Mukherjee's reasoning implies that Convai does not bear responsibility for how other models manage their data. His focus is solely on ensuring that Convai's data practices remain ethical while hoping the foundational models are also compliant. Yet his earlier assertion that Convai would work with the most ethical models seems incongruous, particularly given the legal issues surrounding the ones currently employed.
These complex discussions may clarify Nvidia's reluctance to provide answers about data usage initially. The reality is that all these technologies build upon one another. Ace depends on Convai, which is built on OpenAI's work—a layered structure that makes it challenging to identify the data origin at lower tiers. Nvidia’s claim that there is "no simple answer" regarding data usage is accurate, but a more honest explanation may be that they lack comprehensive knowledge of the entire system. While Nvidia is unlikely to face courtroom scrutiny, a significant legal defeat for OpenAI could have far-reaching consequences.
As we unravel these intricate details, I raise the topic of regulation. Should the government intervene to establish guidelines for AI technology? Mukherjee acknowledges the need for some regulation but stresses the importance of a measured approach.
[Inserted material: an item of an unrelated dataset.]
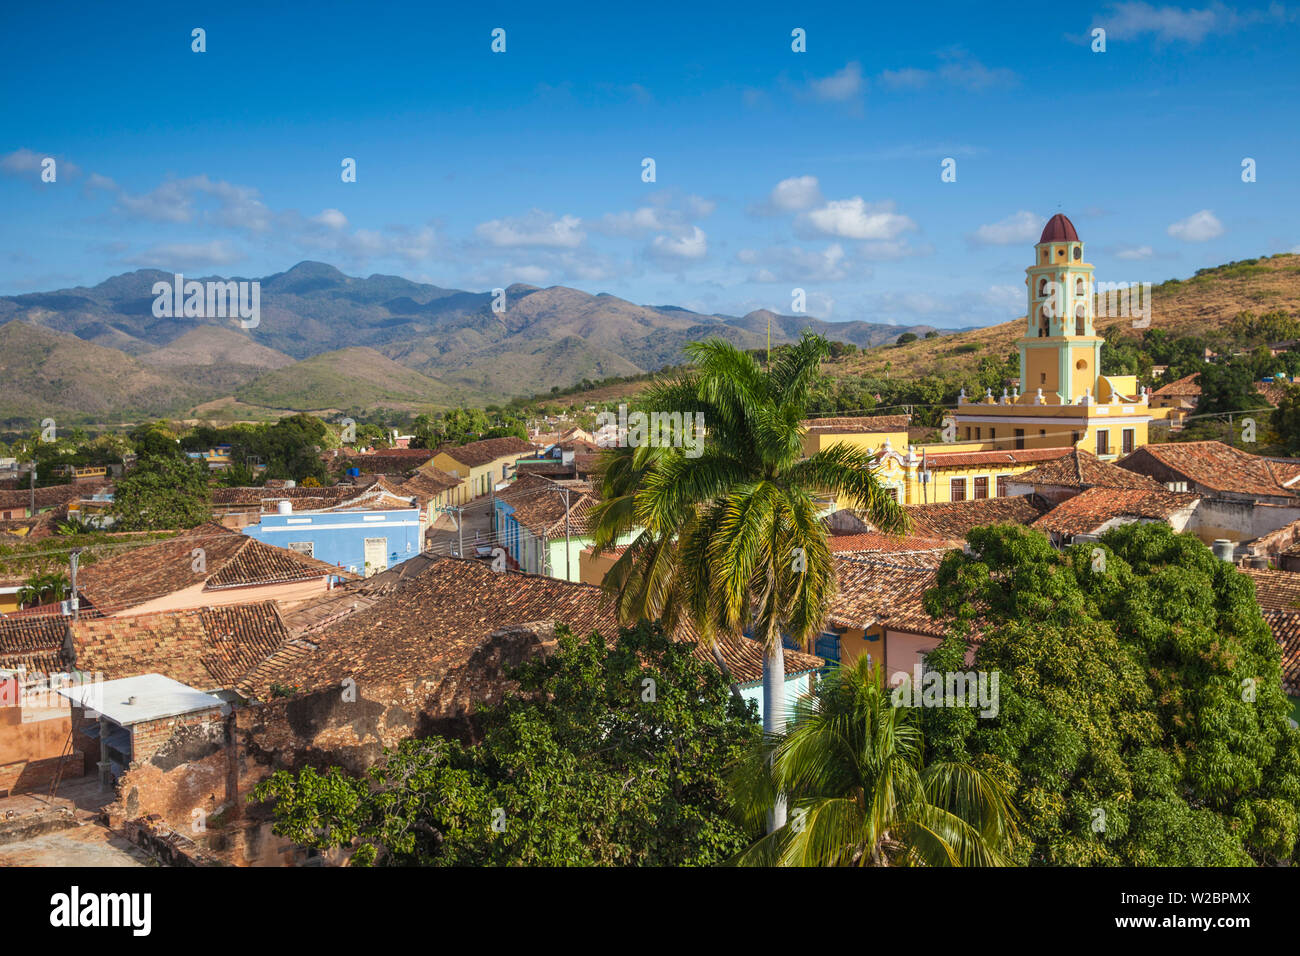 Cuba, Trinidad, View of Musuem National de la Luncha Contra Bandidos - former convent of San Francisco de AsÃsi Stock Photo

He worries that excessive restrictions may stifle innovation, and remains convinced that the benefits of AI outweigh its potential drawbacks.
"What is AI today? Think of it like a car," he compares. "Cars can be dangerous; accidents can happen. Yet we drive them every day because the overall benefits are significant. I view AI in the same light. We will require regulations on its use, just as we regulate how to drive a vehicle. Legal consequences will apply to those who misuse it."
Change is inevitable, and change often brings discomfort.
Despite some grim comparisons, Mukherjee maintains a hopeful outlook on AI. He genuinely believes it will yield substantial benefits for society, provided that companies continue to prioritize human welfare. He envisions a future where tools like Nvidia Ace strengthen artists' talents rather than replacing them. Rather than fearing a future dominated by machines, he recognizes the necessity for adaptation.
"Change is going to happen, and it will impact people," Mukherjee acknowledges. "This is reminiscent of past technological shifts. With each significant change, new job opportunities arise, while older roles may decline. Consider the transition from horse-drawn carriages to automobiles. Those involved in the horse industry had to pivot. Generative AI will open up fresh avenues for creativity and innovation—it’s poised to benefit humanity as a whole, but it will also necessitate shifts in traditional employment."
At the end of our interview, Mukherjee expressed gratitude for the opportunity to clarify misconceptions regarding Convai. He noted that much of the media coverage surrounding Nvidia Ace overlooked his company's contributions. There’s a hint of frustration in his tone as he seeks rightful recognition. I reflect on the irony of this situation, likening his experience to that of artists watching their work exploited by AI tools.
"That's a compelling observation!" he responds with a laugh, possibly gaining newfound perspective on the matter.